Creating ‘a safe, nurturing environment’ for science learners

Maria Varelas

Maria Varelas treasures the value of storytelling in the teaching of science. Photo: Roberta Dupuis-Devlin/UIC Photo Services

2013 Silver Circle Award

Since 1966, the Silver Circle has been presented to some of UIC’s best teachers. What makes the award especially meaningful is its selection committee: the graduating seniors.

 

Maria Varelas
Professor of curriculum & instruction
College of Education

 

A colleague dubbed Maria Varelas “fervor-ball,” and she accepts the nickname happily.

Her first “students,” when she was a third-grader playing school, were her mother’s 20 flowerpots on the veranda in Athens, Greece. She gave them names, talked to them and graded them at the end of the day.

That was how she discovered that she enjoyed “creating a safe, nurturing environment” for learners.

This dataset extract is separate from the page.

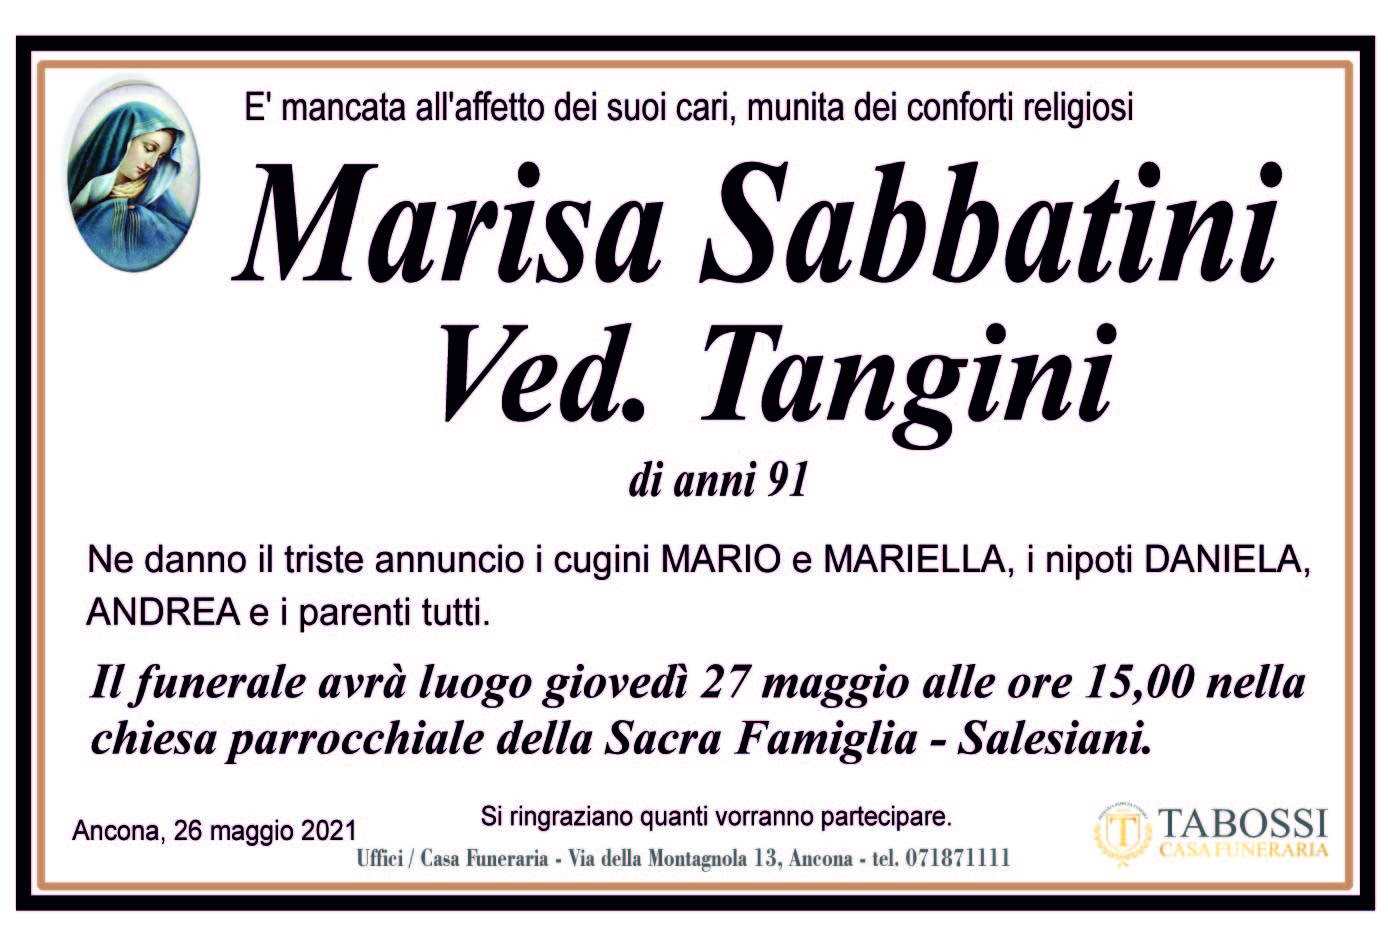 Marisa Sabbatini

Years later, she was drawn to physics for giving her “a sense of how the world came to be.” She admired a popular physics professor at the University of Athens whose interactive, call-and-response lectures were always packed.

“We would see that we were developing scientific stories along with him. ‘Think with me,’ he would exclaim, in the classroom or in the lab,” she says.

Aware of the power of storytelling, Varelas completed her bachelor’s degree with a thesis on the role of humor in teaching physics.

Since joining UIC in 1993, she has won seven awards for teaching students in the College of Education how to teach science.

“Many undergraduates get paralyzed by science. Many haven’t had very positive experiences with science in their K-12 schooling,” she says.

“They have to deconstruct their negative experiences and build new ones, and see themselves as doers of science.”

Varelas models science teaching by engaging her students in exercises as if they were learners themselves.

“I make explicit the teaching moves I do in the classroom — pausing, saying, ‘What did I just do?’ and ‘What could I have done?’” she says.

Varelas’ research and service in the Chicago Public Schools inform her teaching.

“Many of my students were CPS kids themselves,” she says. “To ponder about teachers who had limited resources but plenty of creativity and trust in what their kids bring to the classroom, create spaces for students to blossom, is powerful.”

Varelas says she learns every time she teaches her class. Good teachers are great listeners, she says.

“Hear what the kids are saying. Honor their meaning-making. It may not agree with what is scientifically  known.

“But celebrate where they are, and help them move to new places.”